ERA UMA VEZ...
Adriana Vieira Bastos

Numa cidadezinha muito distante daqui, localizada no meio do vale, vivia a mulher da casa pêssego. Pequena, olhar intrigante, misteriosa, fala rápida e de poucos amigos, estranhos tanto quanto ela. E o que mais incomodava: acordava para a vida ao anoitecer.

O dia amanhecia, a luz se apagava e o lugarejo acordava, sedento e ávido por mais uma história, ventilada de não sei onde, sobre o que se passava dentro das quatro paredes da casa pêssego.

Eis que, num belo dia, contrariando o ritmo local, resolve a mulher sair de seu mundo e andar pela cidade, com um computador no banco de passageiro de seu carro, extrapolando todos os padrões de aceitação local.

Se não bastasse, ao ser interpelada pelo guarda incumbido de acompanhar seus passos e garantir a segurança da cidade, respondeu-lhe, com um ar provocativo que, desta vez, não poderia ser multada, afinal, o computador estava com cinto de segurança.

A população, aflita e alvoroçada com tal fato, resolveu se reunir em volta da praça, para decidir sobre o que fazer com a mulher da casa pêssego.

O Delegado, baixinho, careca e barrigudo, optou por prendê-la antes que passasse a figurar como modelo ideológico perigoso aos jovens da cidade.

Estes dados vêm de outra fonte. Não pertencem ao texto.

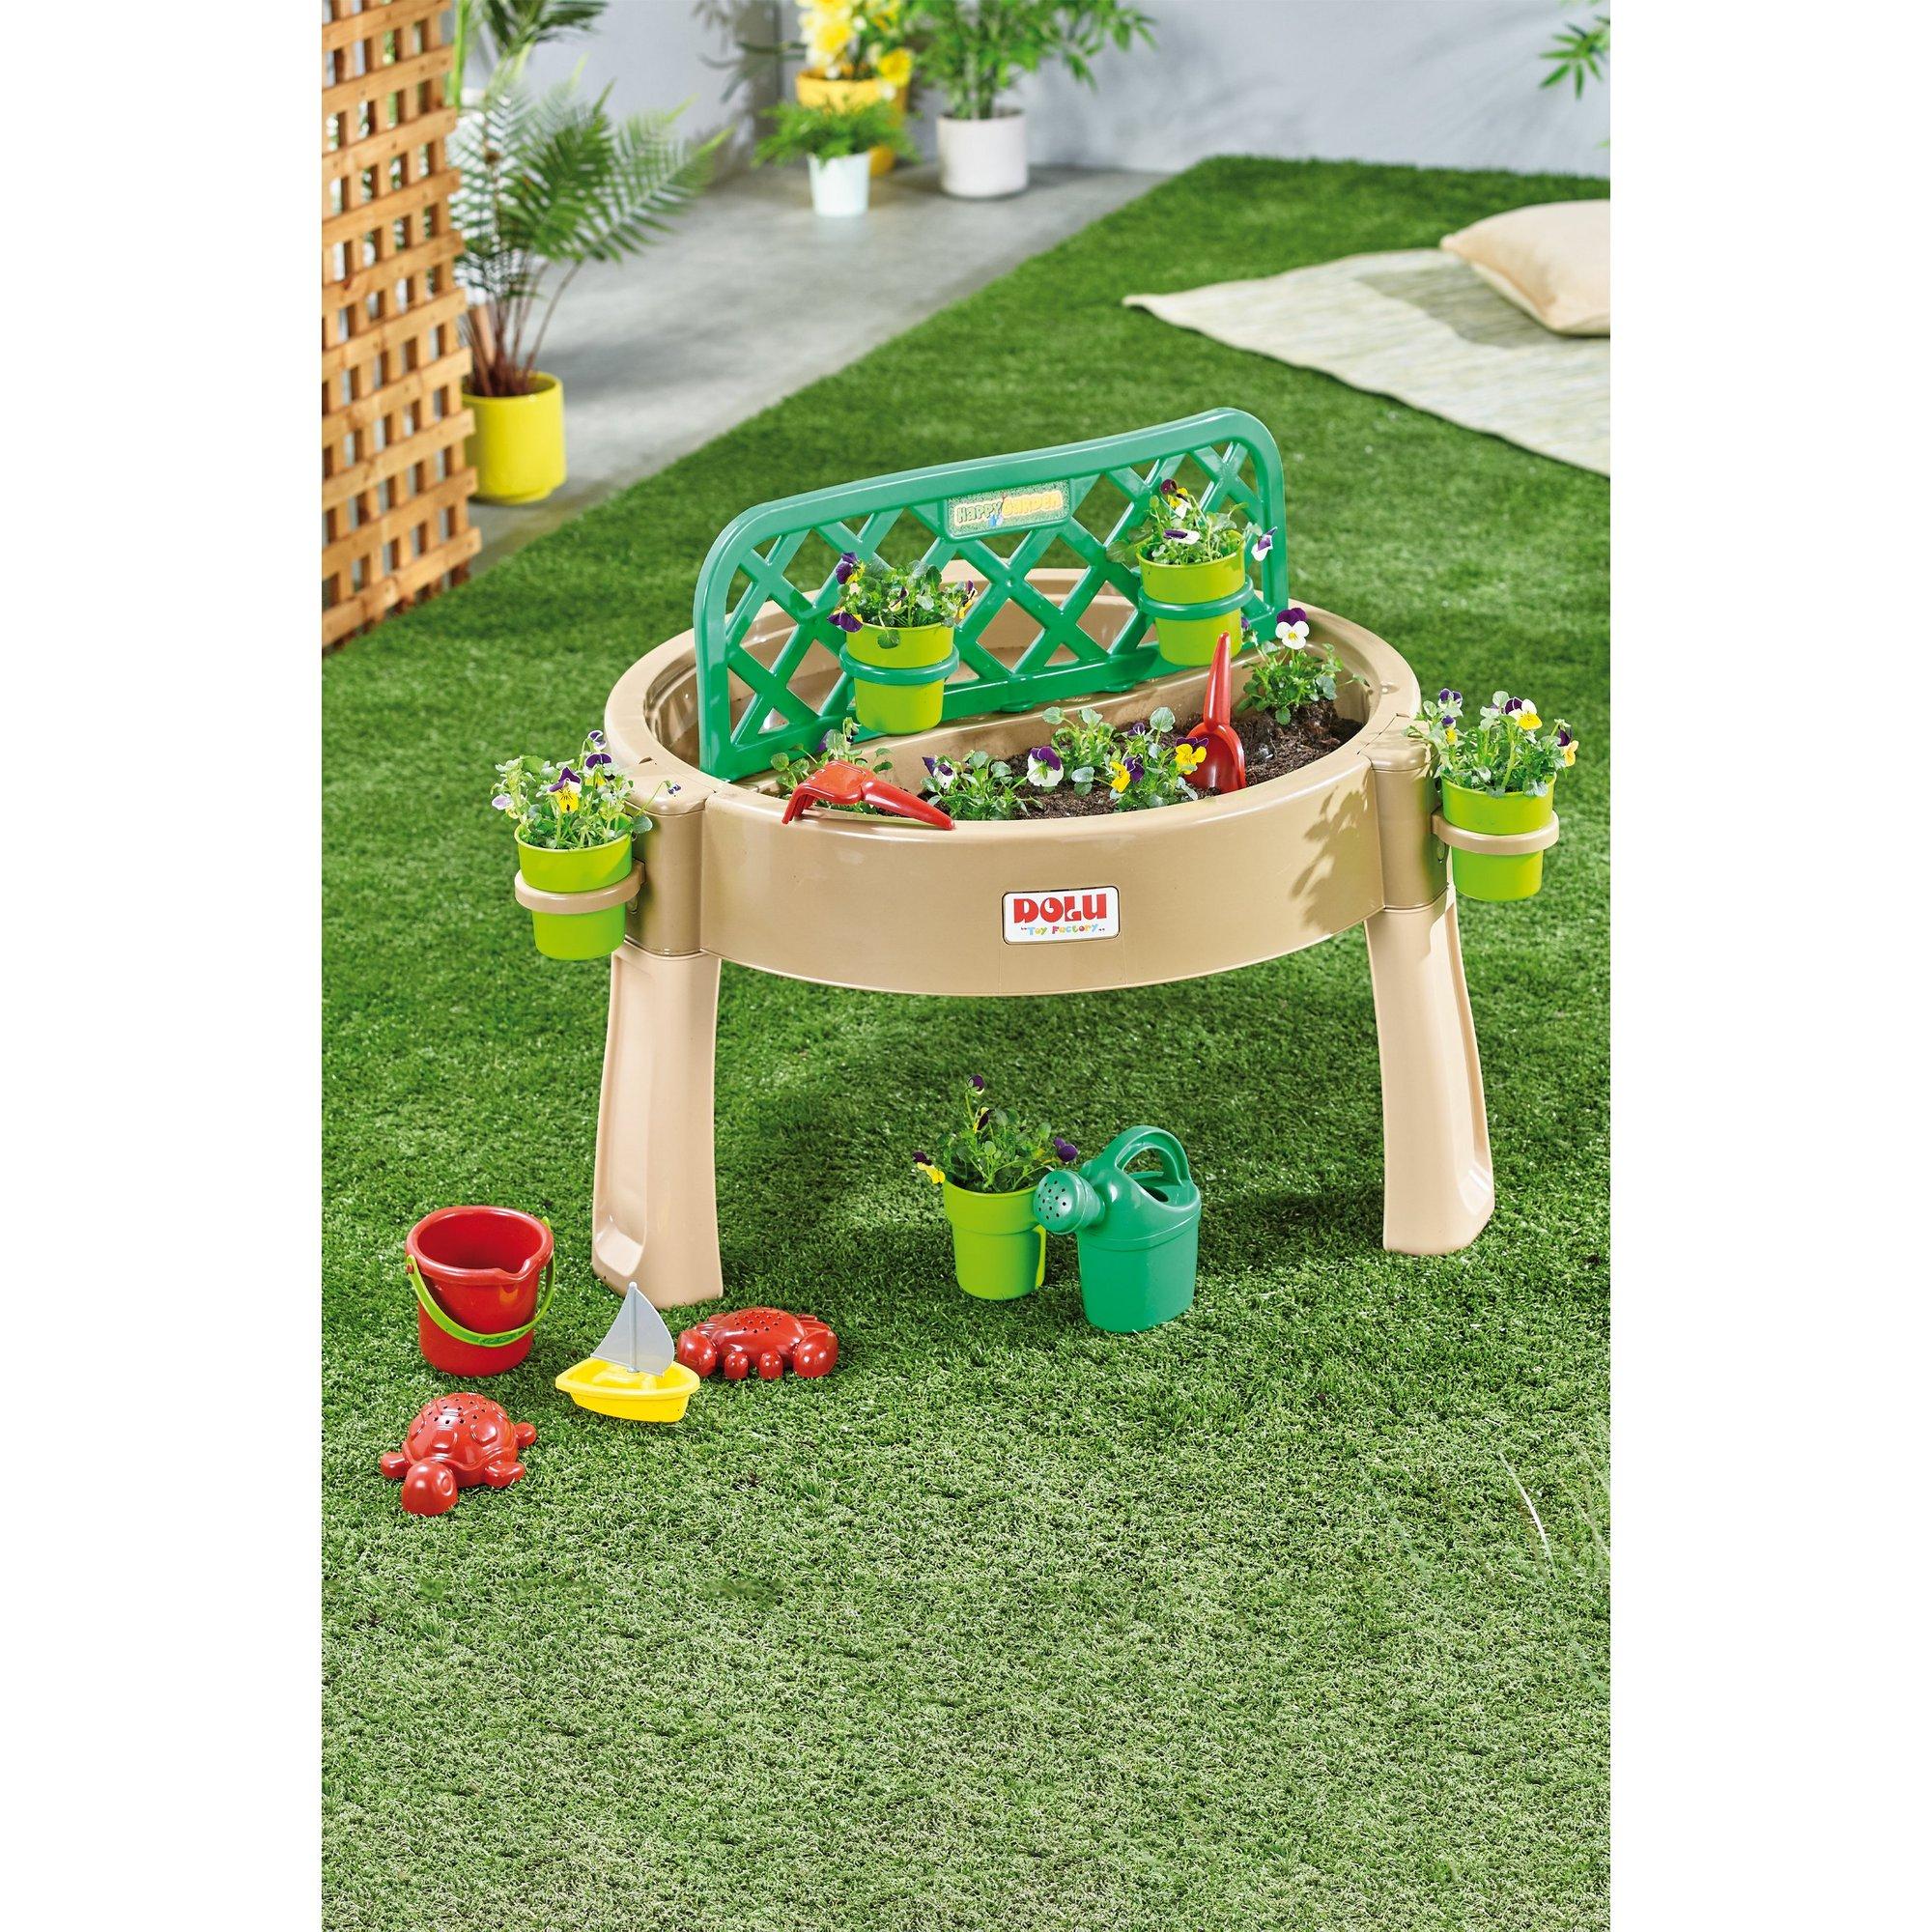 Image of Dolu 4-In-1 Gardening Table

No entanto, pensaram um pouco e reconheceram que deste perigo a cidade estava livre. Há muito tempo os jovens já tinham perdido os computadores para seus pais, ávidos de encontros amorosos secretos e furtivos. 

O Secretário da Saúde, um médico um pouco mais estranho do que ela, cabelos longos, olhar vago e metido a poeta fora de hora, sugeriu interná-la, com medo de que saísse rasgando dinheiro em praça pública. Mas, técnicos da área econômica federal convenceram da impossibilidade deste evento. Era aposentada, não teria dinheiro para tanto. 

O representante eclesiástico, entusiasta da nova era inquisidora, rogou aos fiéis que a expulsassem do lugarejo, por cometer o maior sacrilégio contra a moral e bom costumes: vivia suas histórias sem dar satisfação de sua vida a ninguém e, pasmem, não se preocupava com o que pensavam dela. Só podia estar sob influência do anticristo...

Cá entre nós, conhecendo a mulher da casa pêssego, posso lhes assegurar que suas histórias certamente dariam um bom livro. Mas, para o desespero de seus leitores, um livro sem notas de rodapé.

Mas, voltando à história, quando se imaginavam chegando a um veredicto final sobre o destino que desejavam dar à esta mulher, foram surpreendidos pelo leva-e-traz do povoado, com a notícia estarrecedora de que ela havia acabado de se despedir da casa pêssego e partido sem nenhum alarde.

Atordoados com esta notícia, tiveram que passar a conviver apenas com o conteúdo de seus próprios rodapés: vidas vazias, arrastadas para o nada.

Dias, meses, anos se passaram, a casa mudara de cor, e até hoje os habitantes daquele lugarejo, com olhares tristes e perdidos no horizonte, se pegam perguntando: “- onde será que fôra parar a mulher que tanto os ajudava a enfrentar a mediocridade que eram as suas próprias vidas?”.